25 janvier 2022

Une guerre en Ukraine serait de la tactique, mais Poutine fait de la stratégie

La préparation médiatique « occidentale » à une guerre en Ukraine a été lancée il y a 63 jours, le 22 novembre :

Les États-Unis ont partagé avec leurs alliés européens des renseignements, y compris des cartes, qui montrent une accumulation de troupes et d’artillerie russes pour préparer une poussée rapide et à grande échelle en Ukraine à partir de plusieurs endroits si le président Vladimir Poutine décidait d’envahir le pays, selon des personnes au fait de ces conversations.

Ces renseignements ont été transmis à certains membres de l’OTAN au cours de la semaine écoulée pour étayer les inquiétudes des États-Unis quant aux intentions éventuelles de Poutine et les efforts diplomatiques de plus en plus intenses déployés pour le dissuader de toute incursion, les dirigeants européens s’entretenant directement avec le président russe. Cette diplomatie s’appuie sur une évaluation américaine selon laquelle Poutine pourrait envisager une invasion au début de l’année prochaine, alors que ses troupes se massent à nouveau près de la frontière.

Rien ne s’est produit depuis, mais il n’y a pas eu de répit :

L’ampleur et la portée des opérations de propagande occidentales en ce moment concernant l’Ukraine et la Russie dépasse, à mon avis, ce qui a été fait avant la deuxième invasion de l’Irak.
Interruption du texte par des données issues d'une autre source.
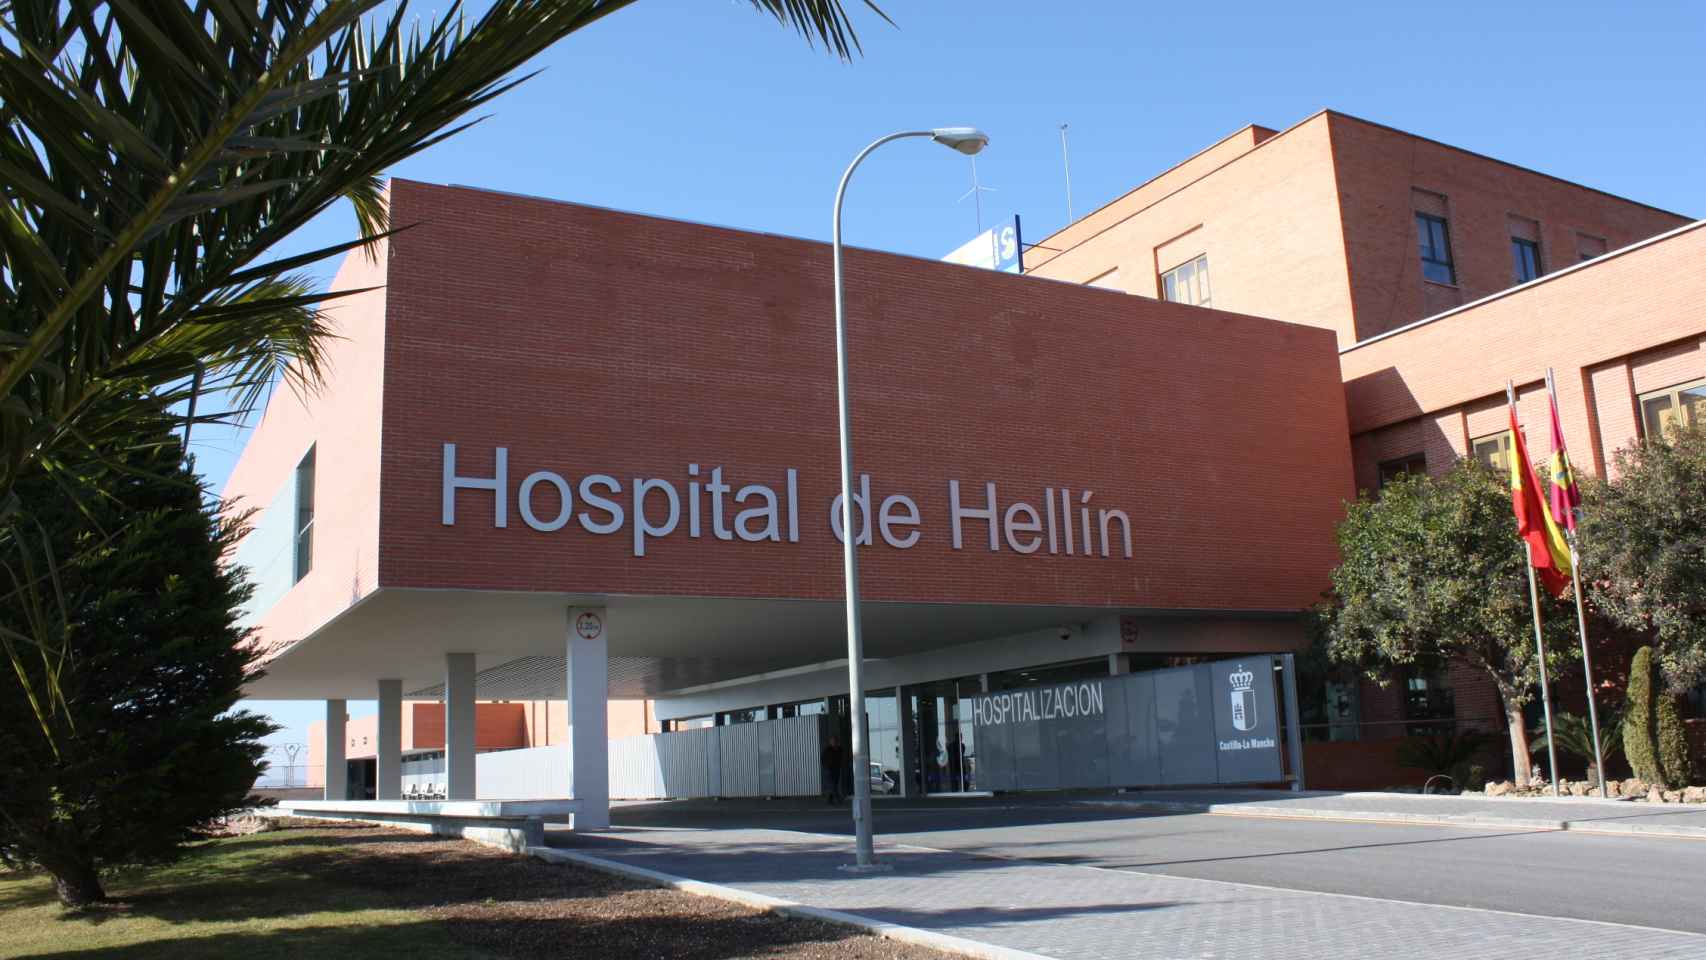 El herido ha sido trasladado al hospital de Hellín

Même dans la modeste Australie, les chaînes commerciales et publiques diffusent quotidiennement des histoires sur les courageux Ukrainiens se préparant à une invasion russe imminente, et la presse écrite publie des articles de réflexion sur Poutine qui tente de recréer les jours de gloire de Catherine la Grande et un nouvel empire russe, etc. Et puis il y a les histoires de braves membres de l’OTAN qui se précipitent pour aider la petite Ukraine. Je suis maintenant complètement déconcerté par l’ampleur et le déséquilibre évident de cette couverture. Les médias sont totalement embarqués dans le train en direction de la guerre.
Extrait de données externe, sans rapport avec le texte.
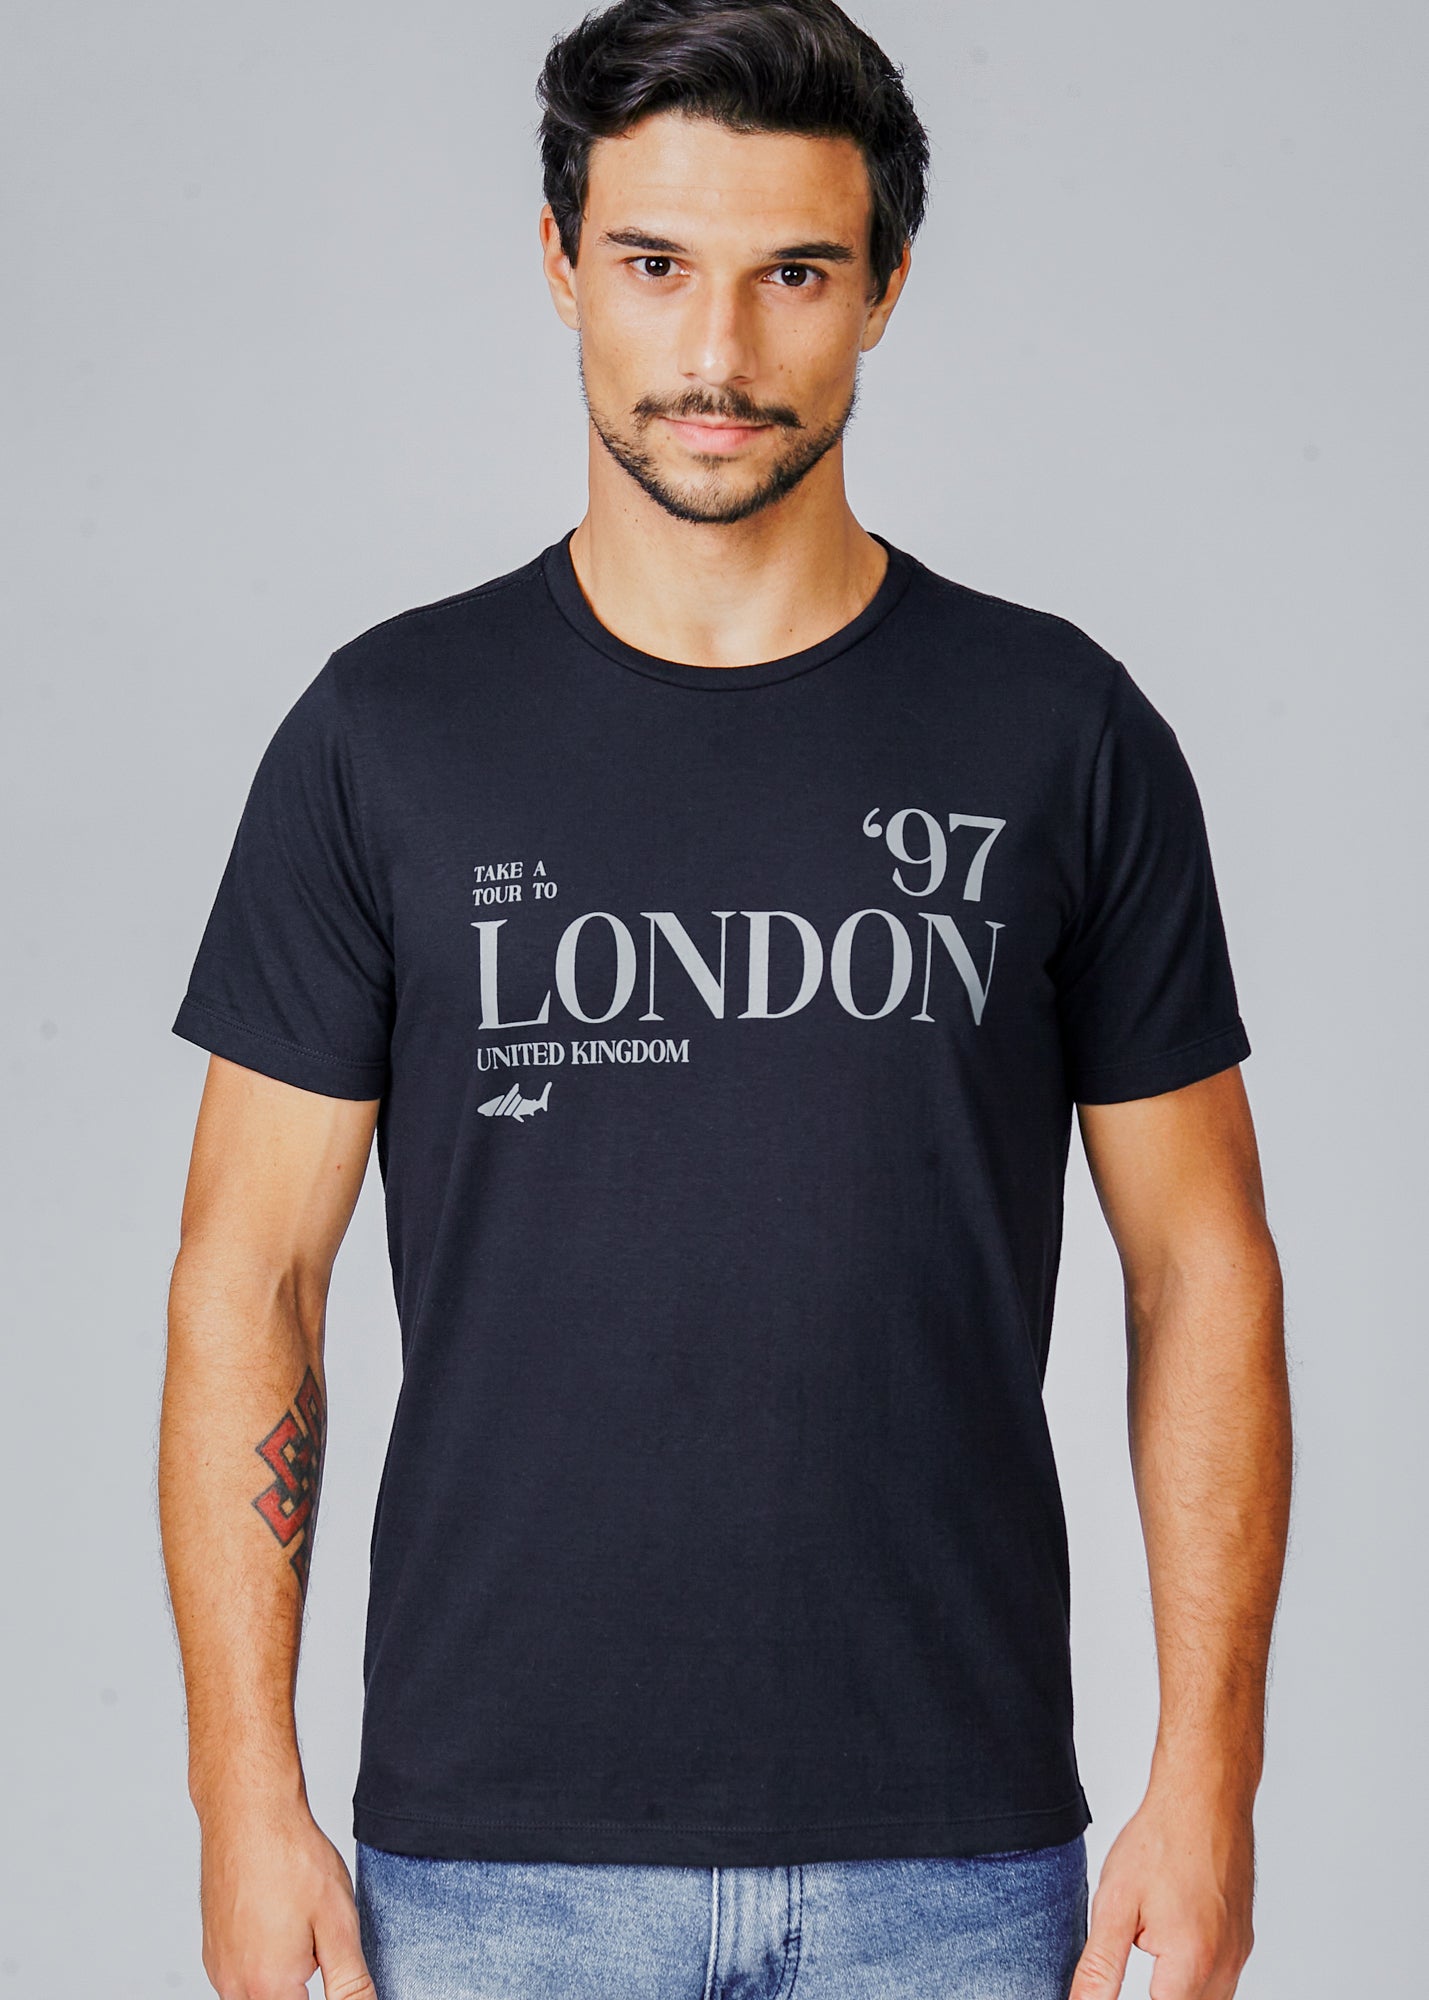 Camiseta Estampada London - Preta

La plupart de cette propagande n’est basée que sur de la merde. Aujourd’hui, nous entendons parler d’un rappel des familles de diplomates américains et britanniques de Kiev, de promesses d’armes et d’argent supplémentaires à Kiev, du repositionnement des forces de l’OTAN, etc. Rien de tout cela n’aura d’importance en cas de guerre. Mais tout est fait pour que cet élément reste en tête de l’actualité. Il s’agit sans aucun doute d’une campagne dirigée par la CIA/MI6.
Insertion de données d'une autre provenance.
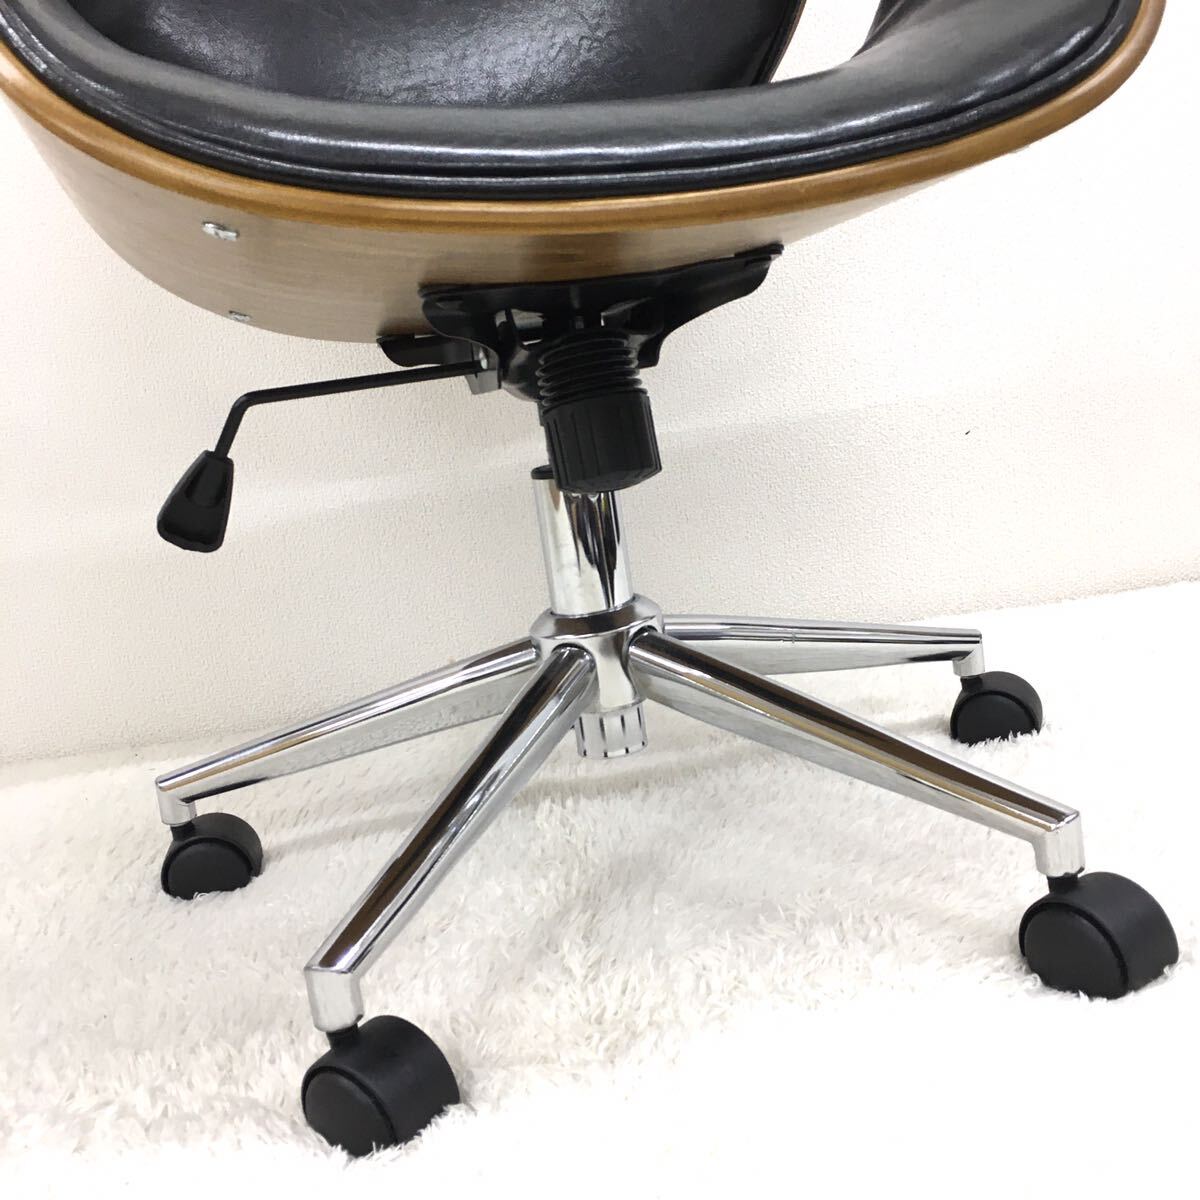 KNOX ノースチェア レトロ オフィスチェア 革張り 合成皮革 モダン木目曲線 書斎椅子 人間工学 ガス厚式昇降機能 ブラック

Il ne manque qu’une chose, l’intérêt de la Russie à envahir l’Ukraine, mais l’ancien ambassadeur M.K. Bhadrakumar pense que cela se produira, pour des raisons stratégiques :

Fondamentalement, les États-Unis ont gagné du terrain grâce aux efforts soutenus au cours des trois dernières décennies, depuis que l’administration de Bill Clinton a mis en place une stratégie concertée en prévision d’une prochaine résurgence de la Russie. Maintenant que les États-Unis ont pris le dessus, ils seront peu enclins à le céder.

Du point de vue de Washington, il s’agit d’un modèle clé de la lutte géopolitique qui se déroule autour du nouvel ordre mondial, après la montée en puissance de la Chine et le déplacement de la dynamique du pouvoir de l’Ouest vers l’Est. Réduire la taille de la Russie et être en mesure de l’intimider est une condition préalable à la lutte globale des États-Unis contre la Chine. Il suffit de dire que l’Ukraine est devenue un champ de bataille où se joue un test de volonté titanesque.

L’objectif final de la Russie est une Ukraine fédérée par le biais d’une réforme constitutionnelle, la souveraineté, l’unité nationale et l’intégrité territoriale du pays étant intactes, tandis que les régions jouissent d’une autonomie. L’Europe pourrait s’en féliciter, car ce serait le meilleur moyen de stabiliser la situation et d’éliminer le risque de conflit futur.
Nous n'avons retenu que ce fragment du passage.